▸ Collected data:
+-------+

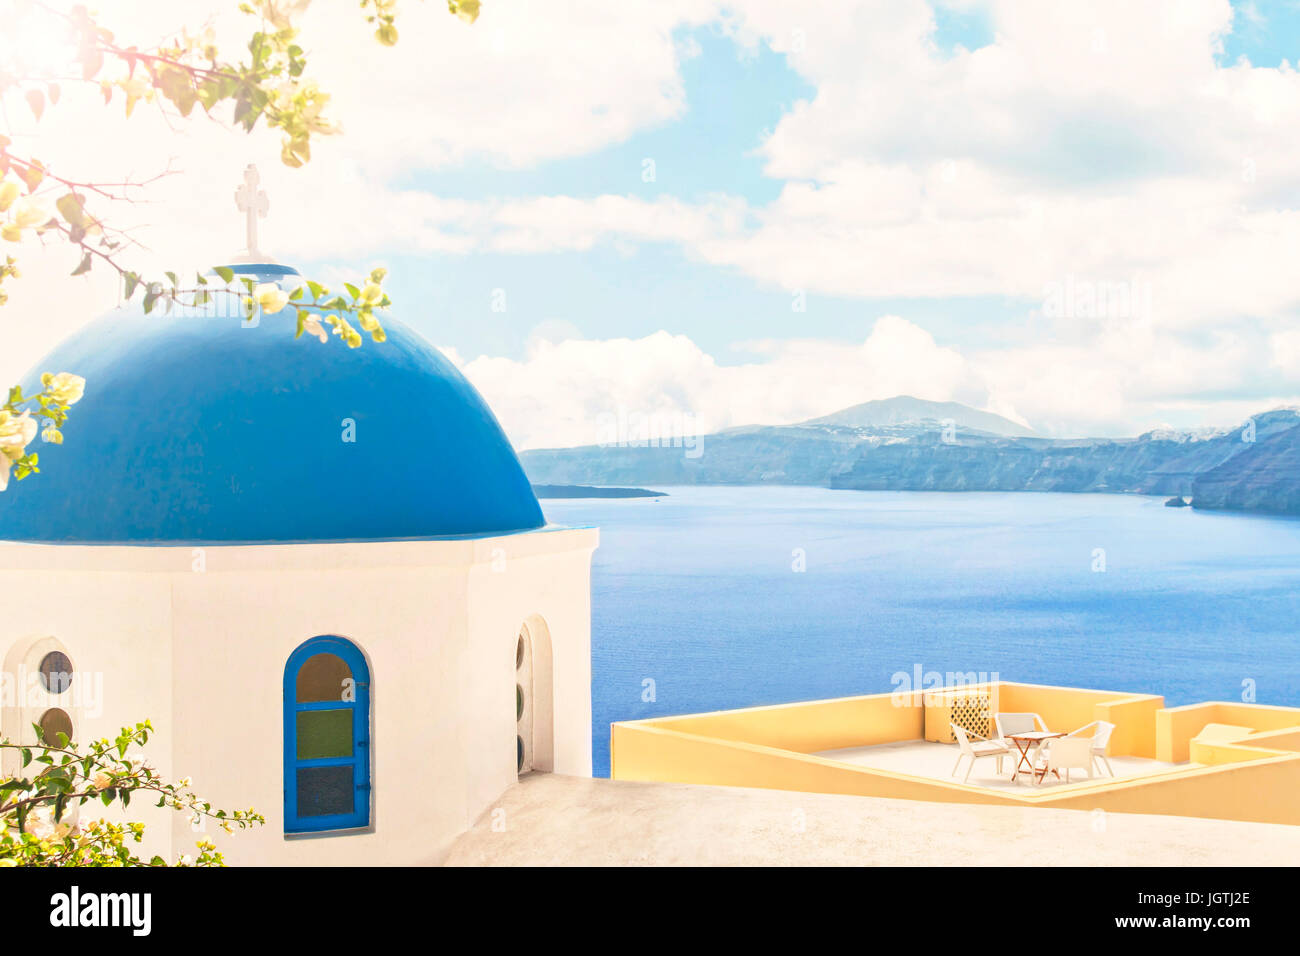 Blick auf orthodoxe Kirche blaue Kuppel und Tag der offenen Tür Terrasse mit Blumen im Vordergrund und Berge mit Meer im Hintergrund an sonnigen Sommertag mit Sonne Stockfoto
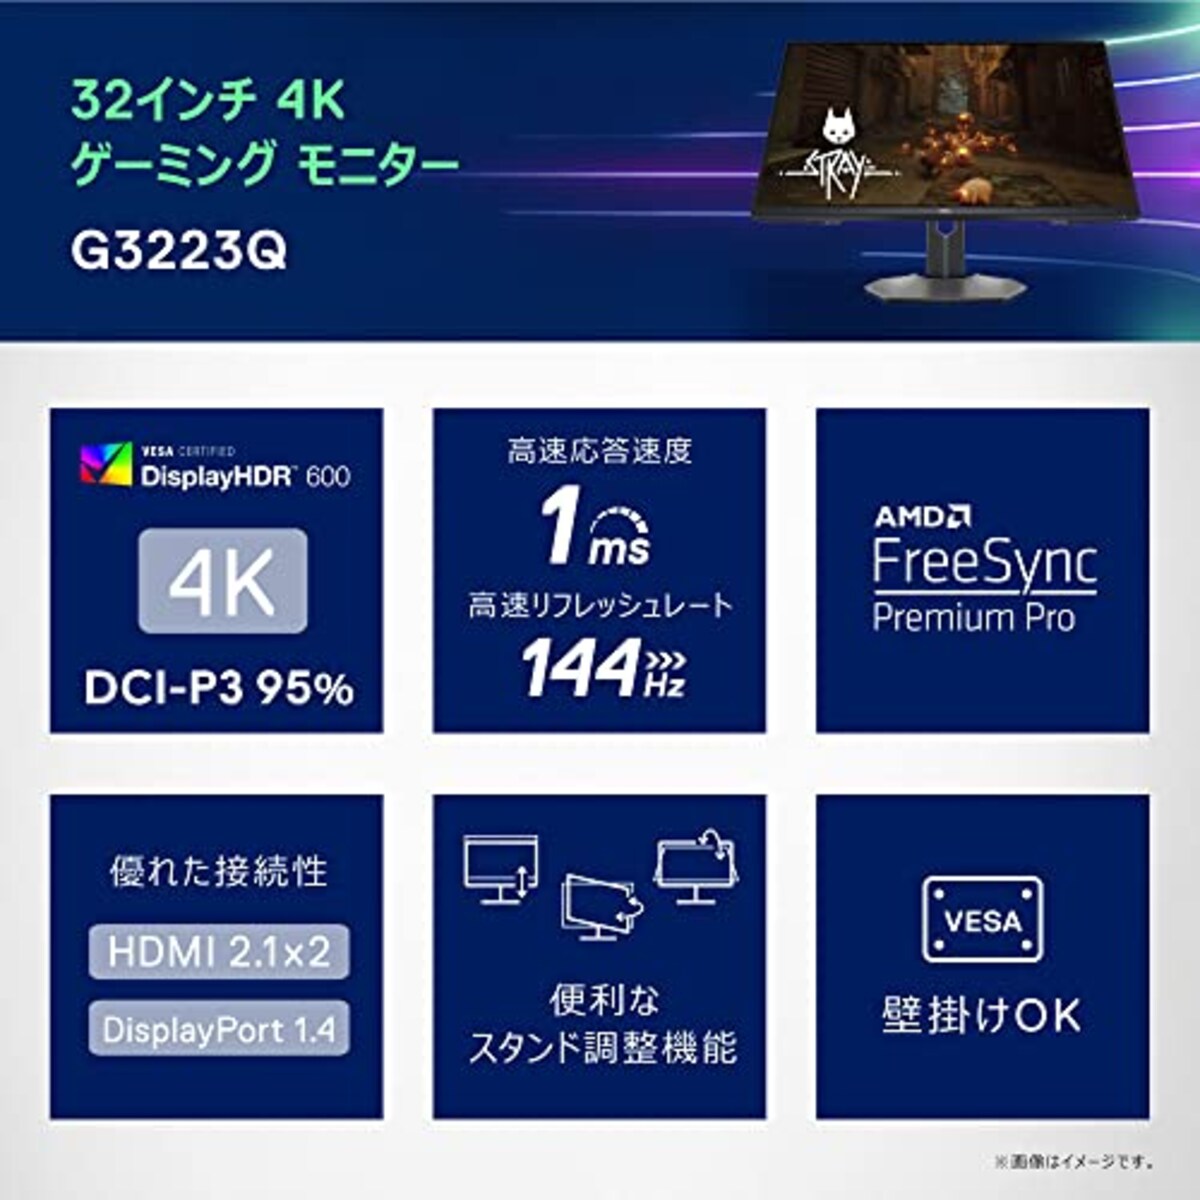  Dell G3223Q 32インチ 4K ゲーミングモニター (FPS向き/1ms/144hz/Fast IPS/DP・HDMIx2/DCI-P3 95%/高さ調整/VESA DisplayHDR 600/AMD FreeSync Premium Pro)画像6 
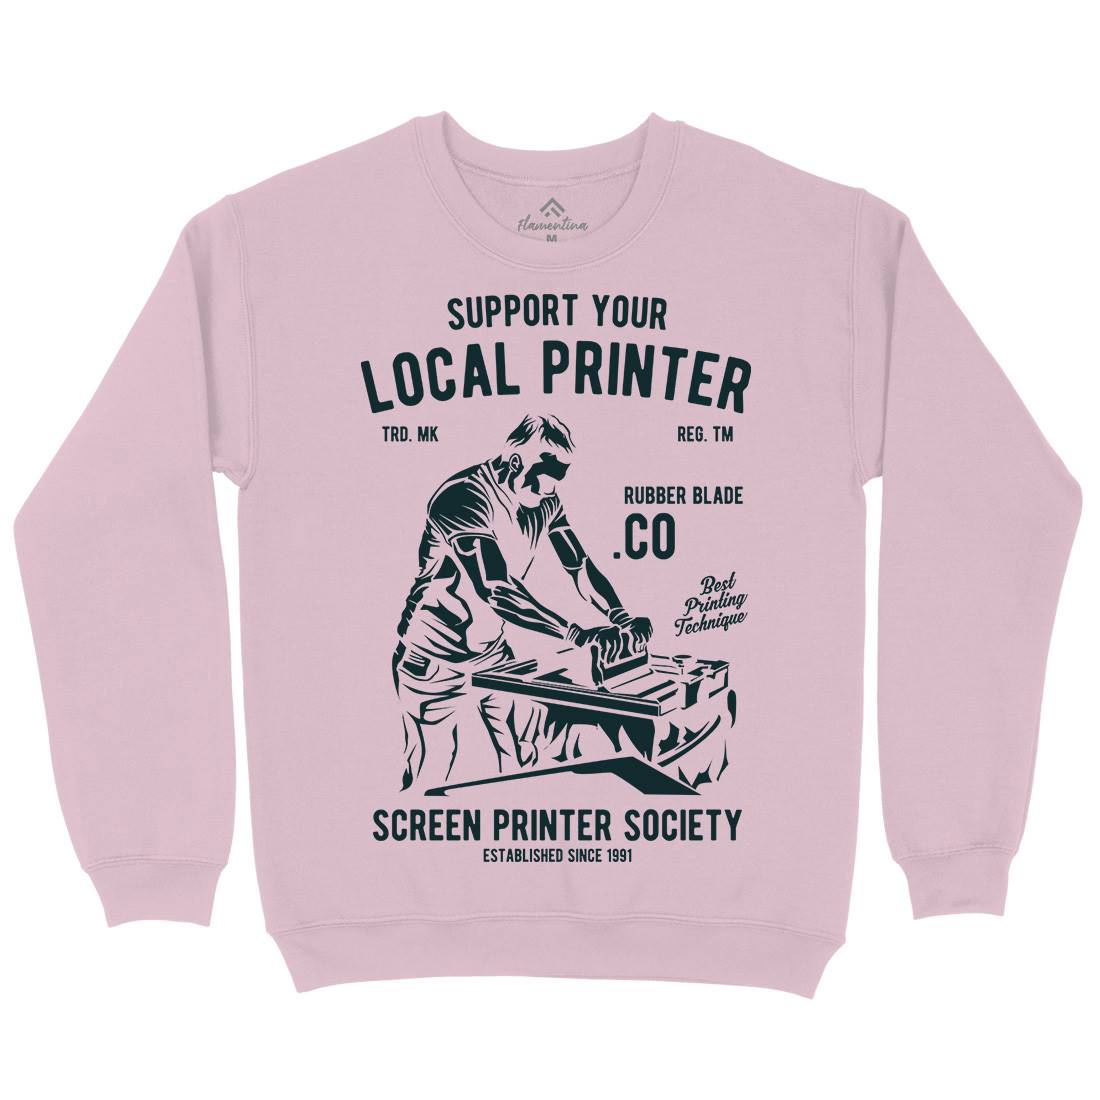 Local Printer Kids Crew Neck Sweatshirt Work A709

+-------+

▸ Work order: Please output the material above again, exactly, and omit every image.

▸ Written solution:
 Blick auf orthodoxe Kirche blaue Kuppel und Tag der offenen Tür Terrasse mit Blumen im Vordergrund und Berge mit Meer im Hintergrund an sonnigen Sommertag mit Sonne Stockfoto
  Dell G3223Q 32インチ 4K ゲーミングモニター (FPS向き/1ms/144hz/Fast IPS/DP・HDMIx2/DCI-P3 95%/高さ調整/VESA DisplayHDR 600/AMD FreeSync Premium Pro)画像6 
 Local Printer Kids Crew Neck Sweatshirt Work A709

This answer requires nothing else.